I like river monster.


----------



## Tobi (Mar 18, 2011)

Snarfle, Snarfle, Snort!!! :lol: love it!


----------



## Scarlett_O' (May 19, 2011)

I didnt really notice what they said....I just looked to see which one was Annie's!!:tongue: :thumb:


----------



## doggiedad (Jan 23, 2011)

what's a fetching tag????


----------



## malluver1005 (Nov 15, 2009)

I vote Snarfle, snarfle, snort!!


----------



## Tobi (Mar 18, 2011)

doggiedad said:


> what's a fetching tag????


Let me google that for you


----------



## frogdog (Aug 10, 2011)

Linsey, I voted yesterday quick like but didn't have time to post a message...my vote is "snarfle, snarfle, snort".


----------



## chowder (Sep 7, 2008)

Tobi said:


> Snarfle, Snarfle, Snort!!! :lol: love it!

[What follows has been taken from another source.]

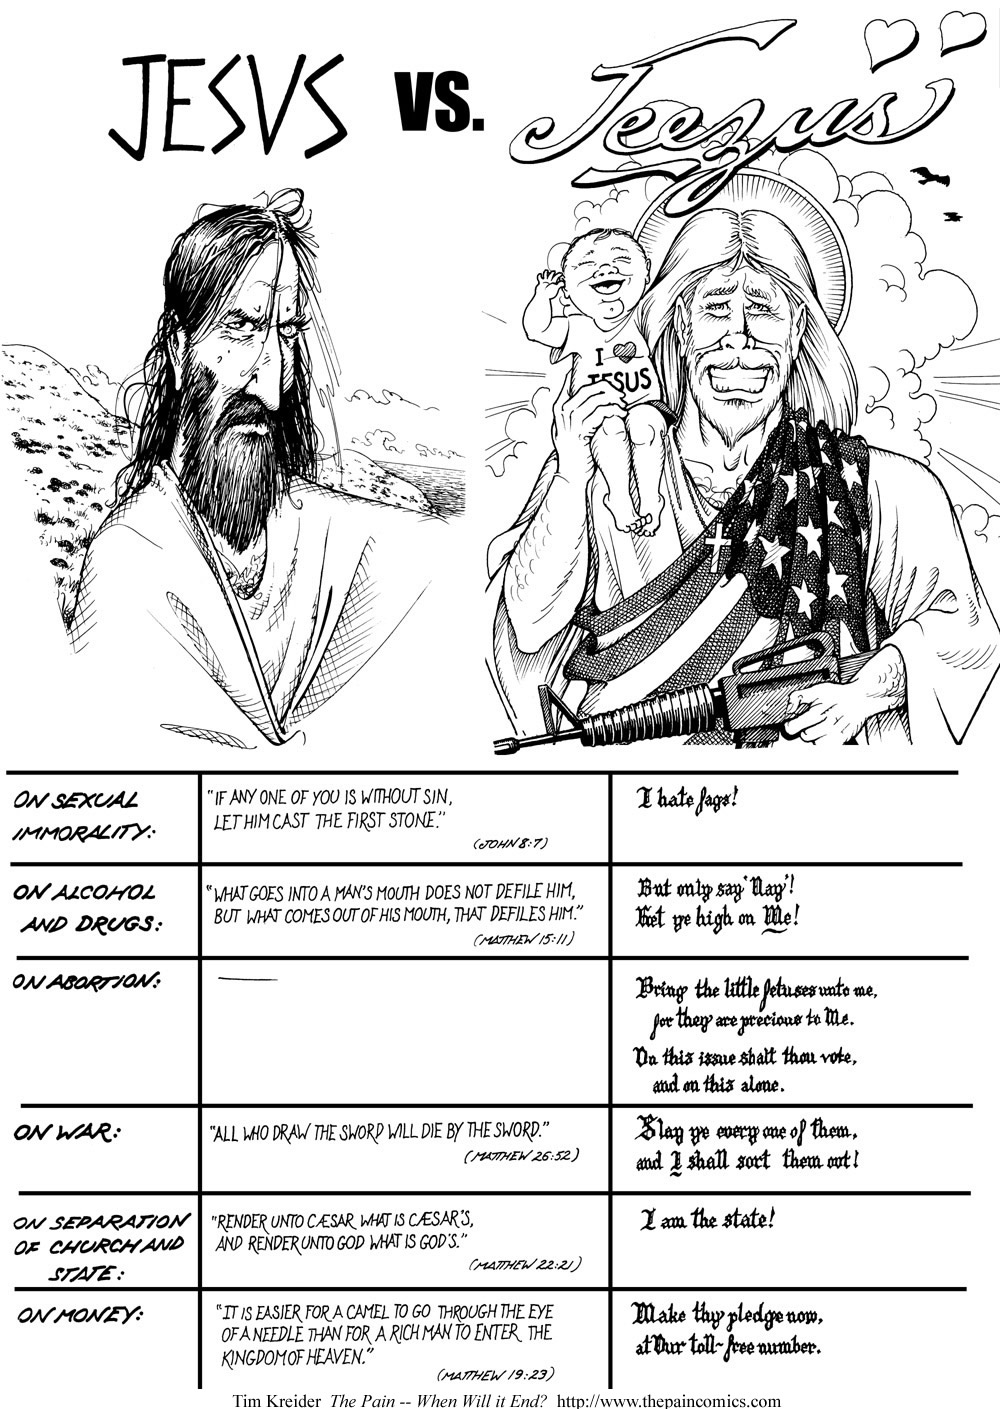 [Image: Jesus%20vs.%20Jeezus.jpg]

I voted for that one too! I have a thing about squishy faces!!


----------



## doggiedad (Jan 23, 2011)

wow, that was cool. i never had anyone goggle anything for me. i
clicked on "let me goggle that for you" and i was taken through the goggle
process without having to click. i want a fetching tag for me.
thanks.



Tobi said:


> Let me google that for you


----------



## MollyWoppy (Mar 19, 2010)

chowder said:


> I voted for that one too! I have a thing about squishy faces!!


I voted for Brindle Butt. I guess I must have a thing about butts. :biggrin::biggrin::biggrin:


----------



## Scarlett_O' (May 19, 2011)

Did you ever choose??? :biggrin:


----------



## twoisplenty (Nov 12, 2008)

Snarfle, Snarfle, Snort is hilarious!


----------